Nissen (2007 : 132) définit l’autoformation dans les dispositifs hybrides, selon les caractéristiques suivantes :

- la non-présence physique de l'enseignant,

- la proposition d'un parcours structuré avec des ressources variées, - l'atteinte des objectifs prévus,

- la gestion de ses temps et rythme d'apprentissage par l'apprenant,

- la nécessaire motivation de l'apprenant qui prend des responsabilités dans son apprentissage.

A distance, les processus d’enseignement et d’apprentissage sont séparés dans le temps et l’espace (diachronie), alors qu’en présentiel, tout le monde travaille la même chose en même temps (synchronie).
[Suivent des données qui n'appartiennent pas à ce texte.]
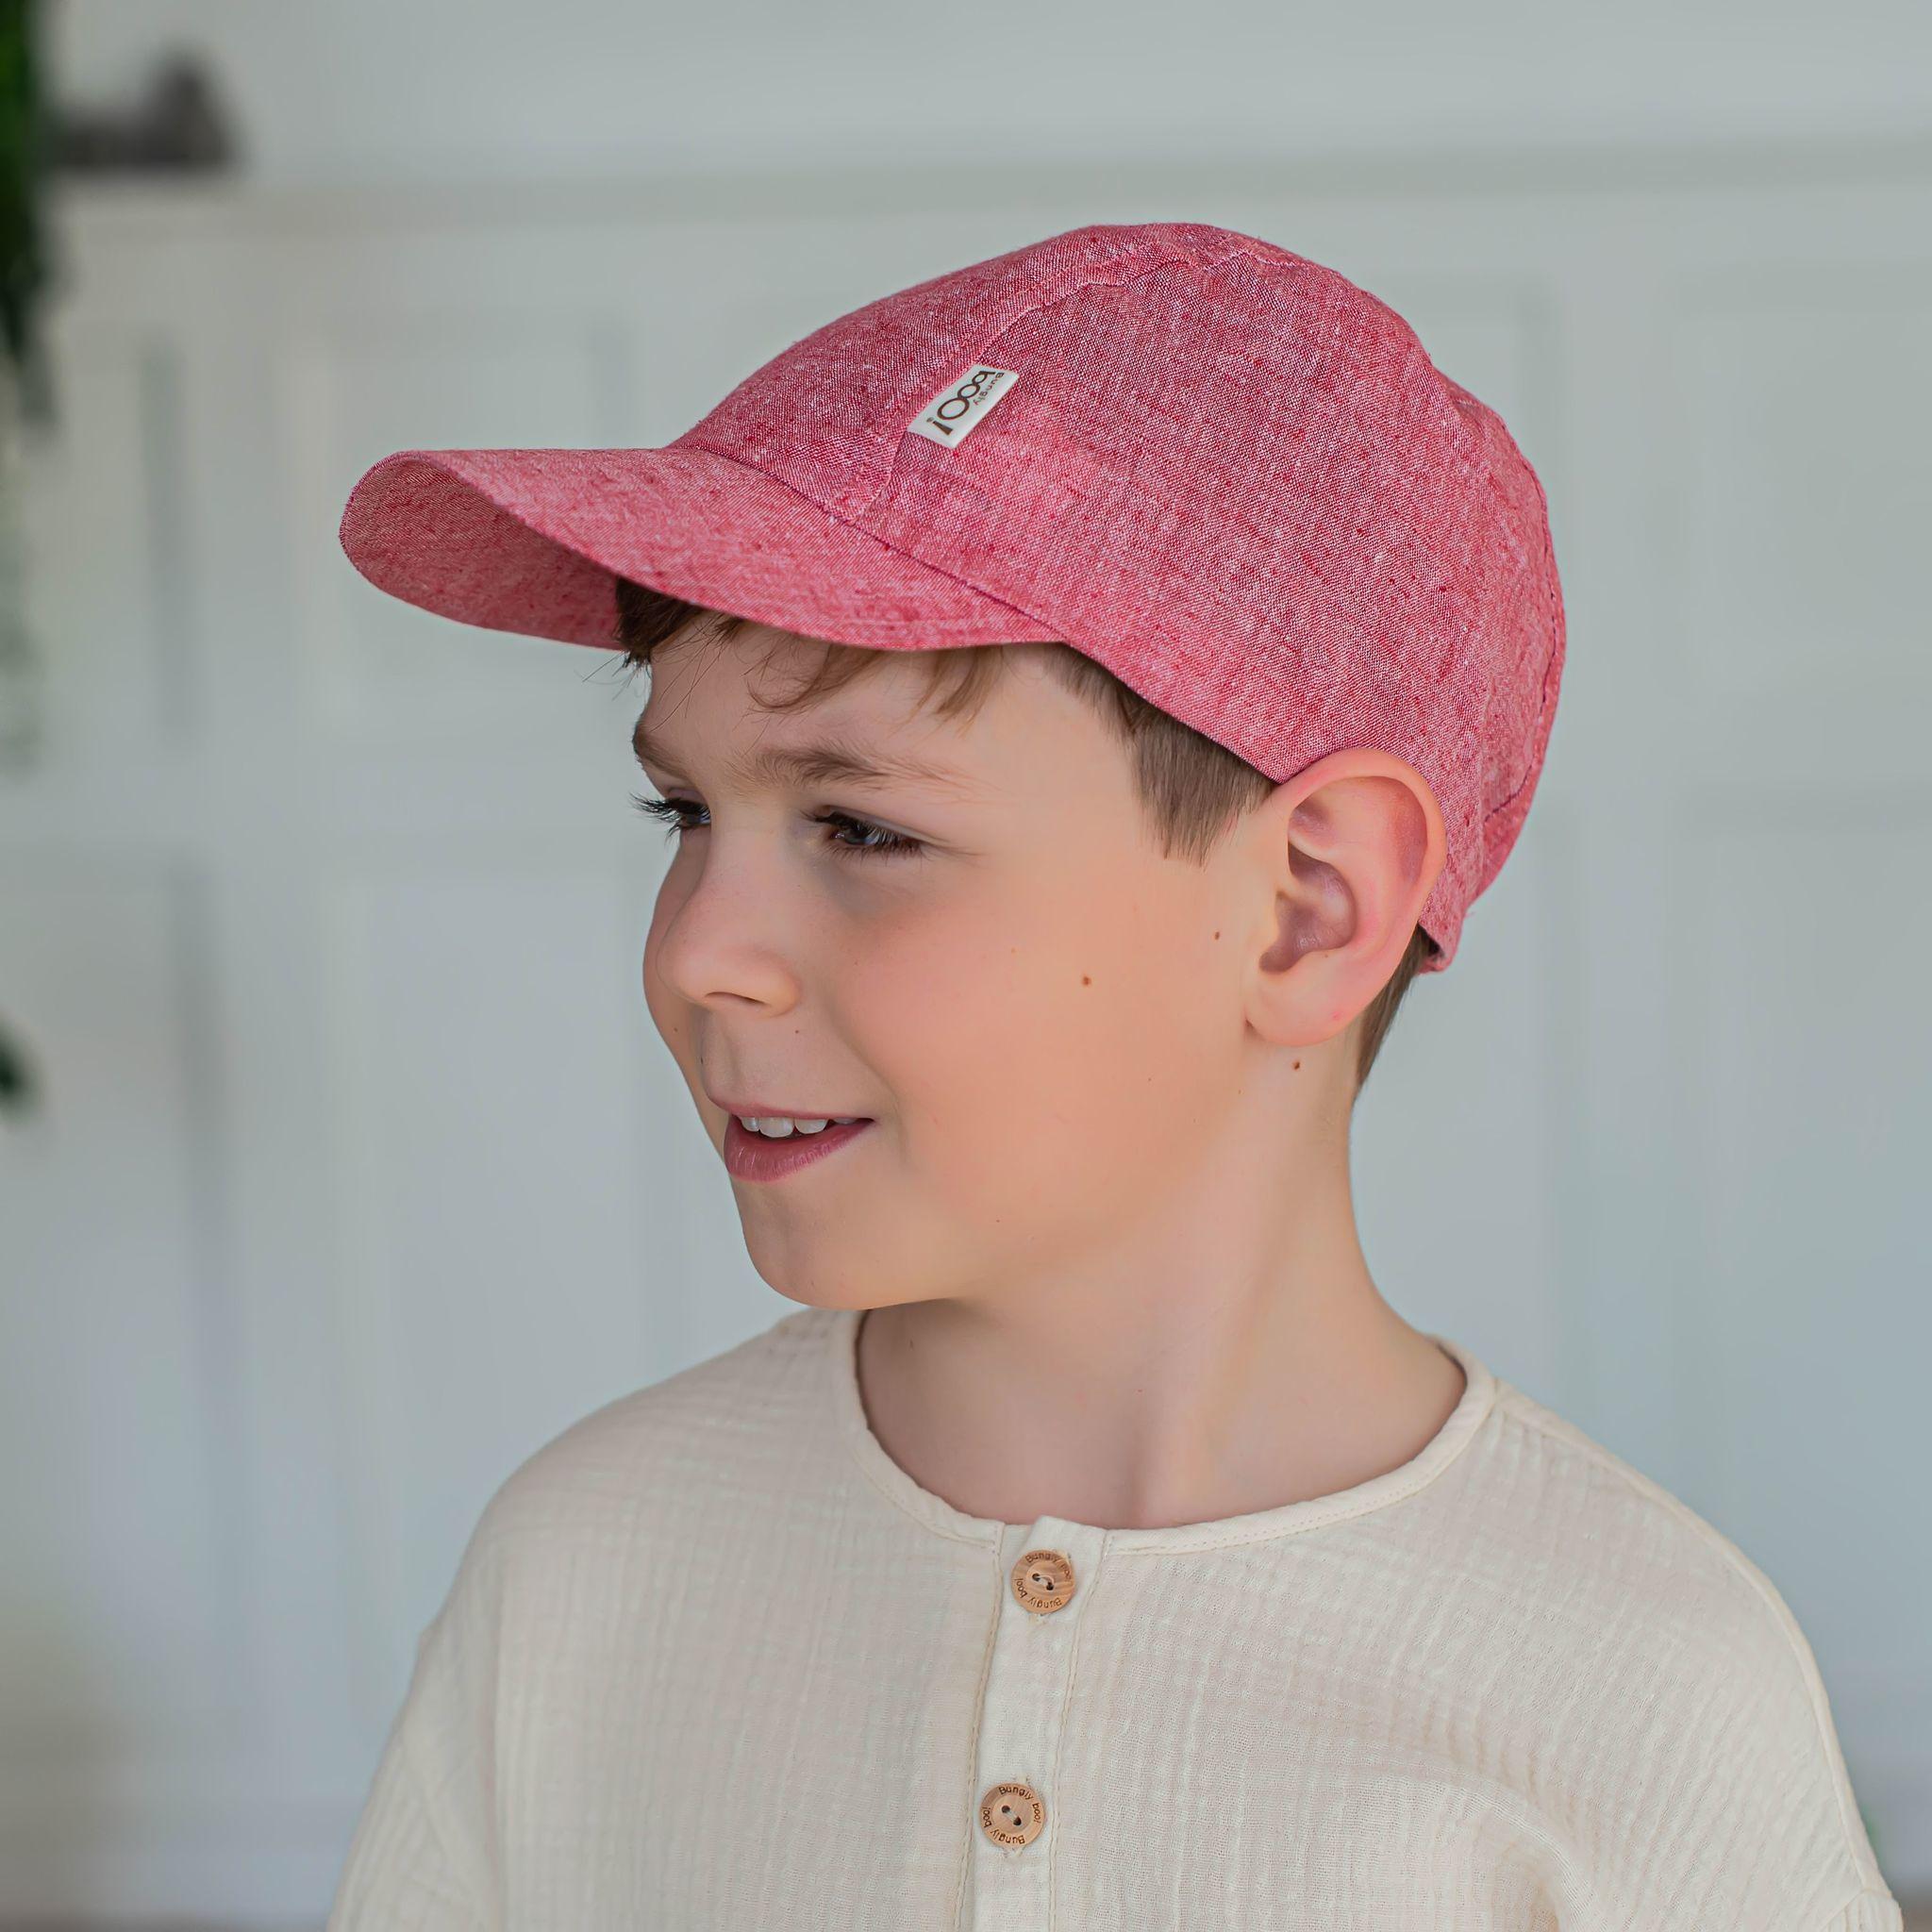 Cotton cap for teens - Deep Red Melange
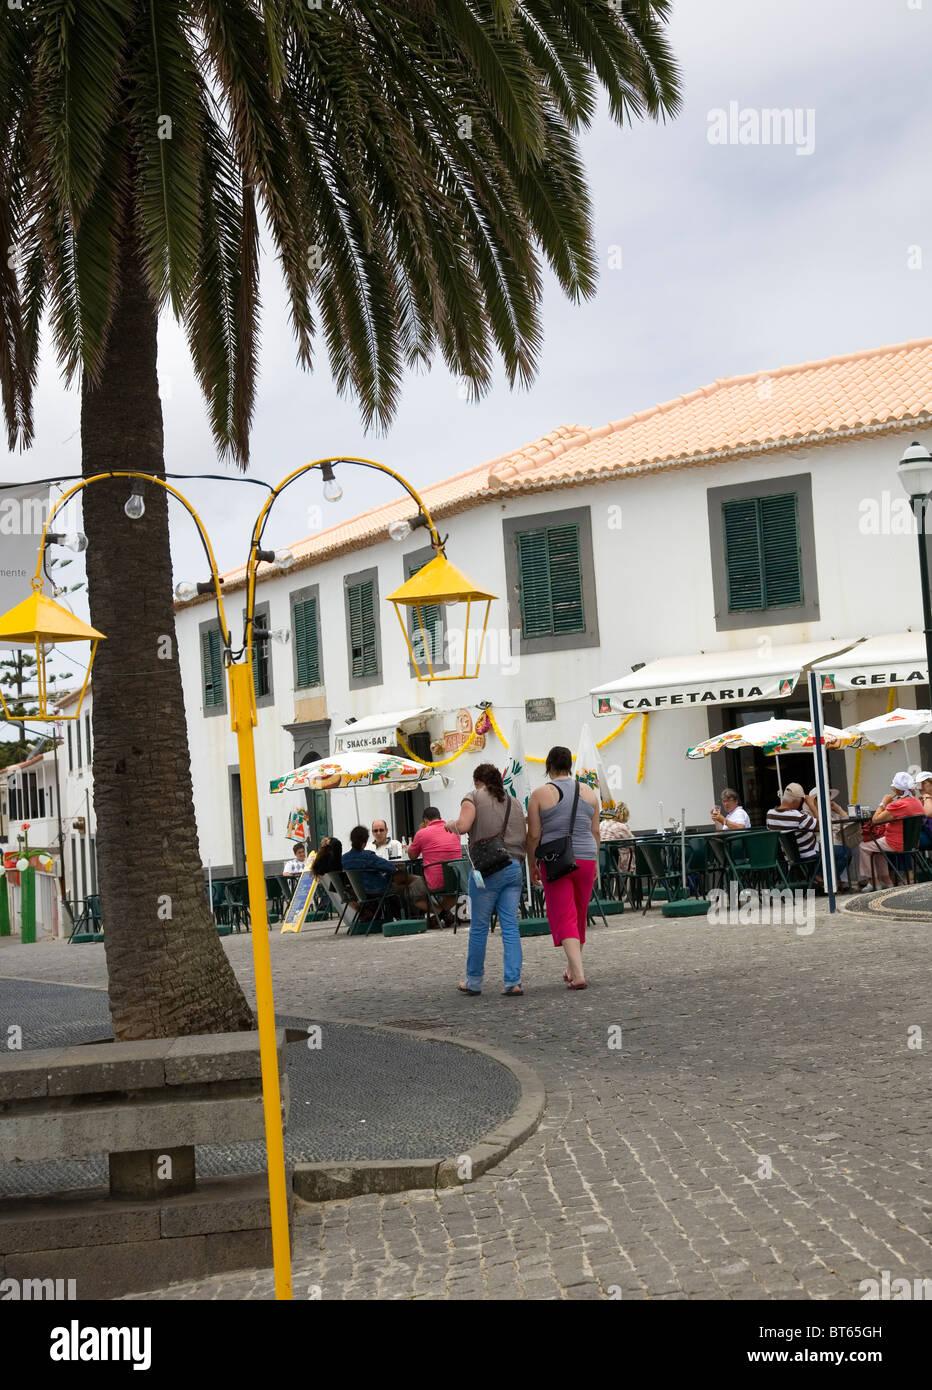 Porto Santo Town Square - Stock Image

Les cours en présentiel continuent à être les mêmes qu’auparavant, ils sont donnés à raison de trois heures par semaine (deux fois 1h30). Il s’agit donc de proposer une autoformation complémentaire, afin de permettre d’augmenter le volume d’activité des apprenants, sans que la progression et le volume horaire des cours en présentiel n’en dépendent directement. Nissen (2007 : 131) s’exprime sur ce paramètre en ces termes : « […] la composante non présentielle augmente le volume d'activité par rapport au présentiel […]. L'avantage de combiner les deux modalités d'apprentissage, à distance et en présentiel, est de pouvoir profiter ainsi des avantages de chacune des deux. »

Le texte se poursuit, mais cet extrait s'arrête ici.